Eboric , though not a stupid man, still does not seem to understand her words, aside from the last. "That is true enough. There need be only one king, and I am destined to be that one."


Tenebrae raised her dark brows, pausing herself and her mount a moment to once more peer at the werebear, a horrible scrutiny that seemed to probe into the marrow of his soul. "I don't believe you are a seer, Eboric. You are a silly boy, waving a sword. At another silly..." she blinked. "...Eboric - there must not be war. The Burrower will feed upon the blood, lap it all up with its thousand awful tongues. But I shall make it behave. Then you can wave your sword all you like." The insane woman glanced down at the diadem, and sighed. "The past will come around again, biting its own tail. Perhaps it will choke."

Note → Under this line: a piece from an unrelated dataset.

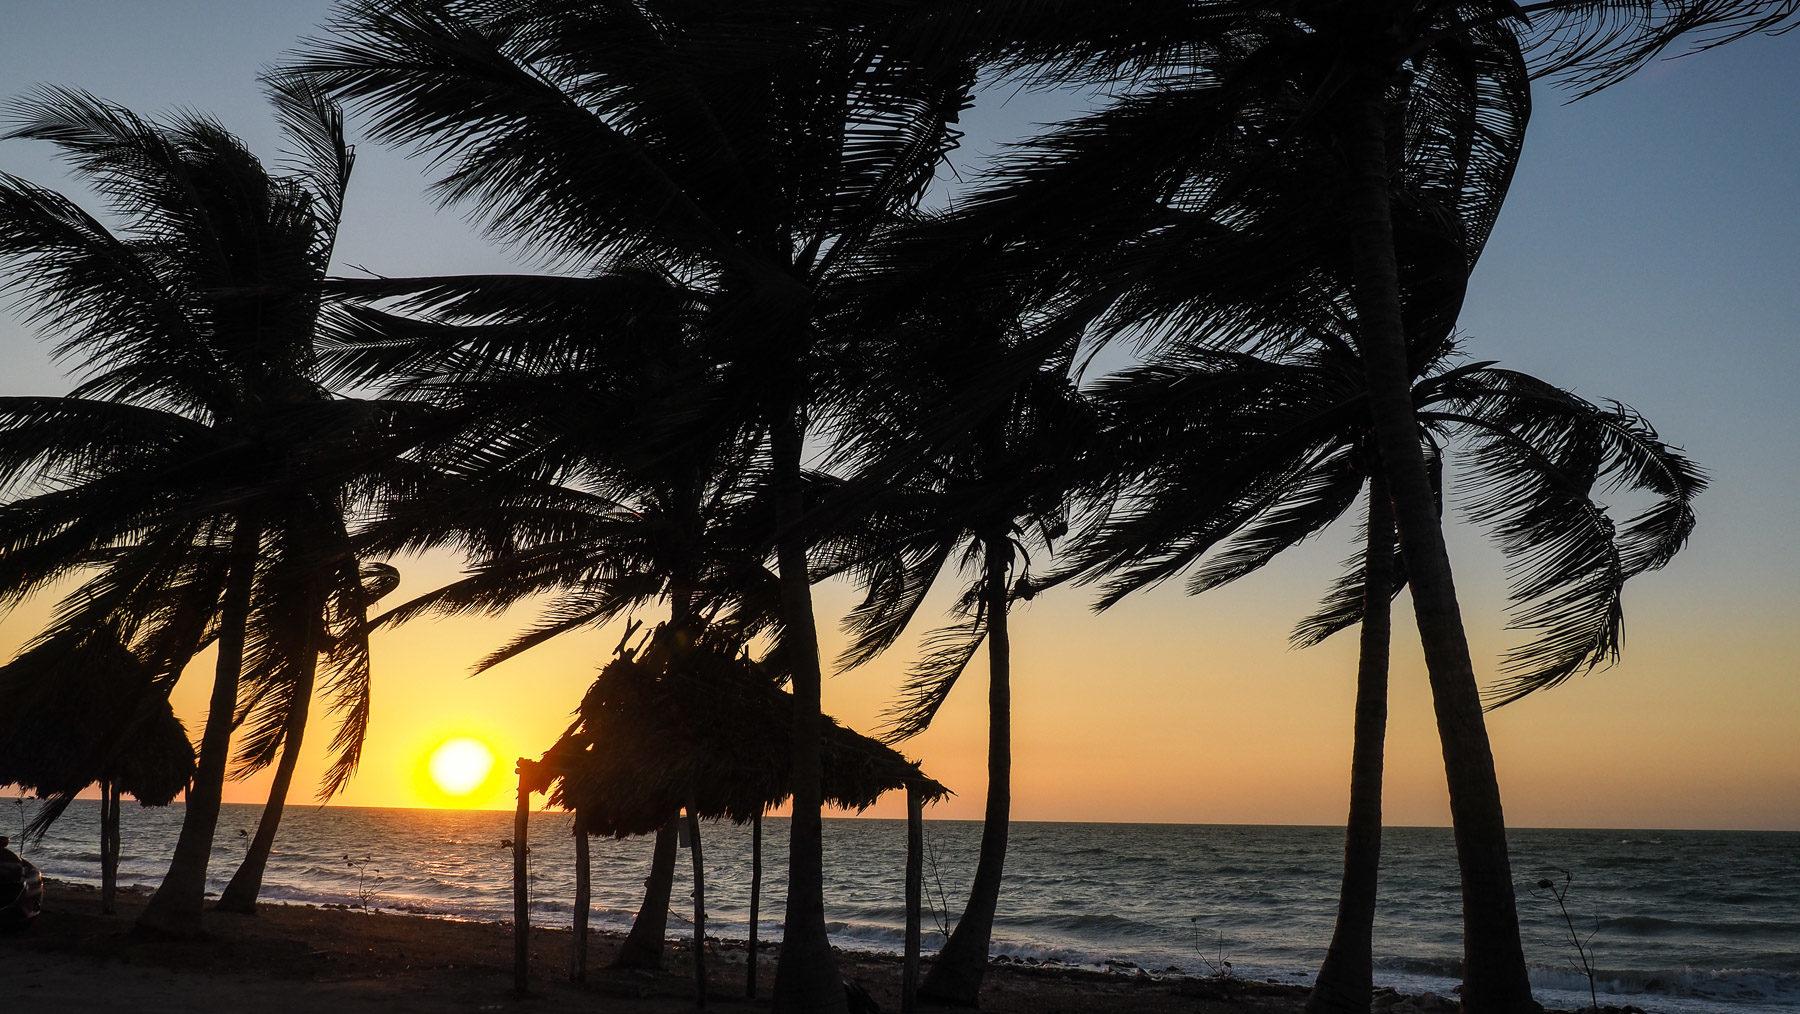 Angekommen auf der Yukatanhalbinsel

Eboric shrugs his shoulders, silent for a long while. Finally, as the light of the moon appears at the end of the tunnel, he says, "I am no seer, that is true enough. But I have spoken to such creatures, and I know the right of my bloodline. I will be a king. And if that means war, then there must be war. It is not just for my sake, but for that of my people, and my son." As they break out into the open air once more, he takes a deep breath, glad to be quit of the musty barrow. "I must go, and see to my wound. I will find you again, however, and we will discuss my share of this venture." He mounts the horse then, and rides toward his encampment.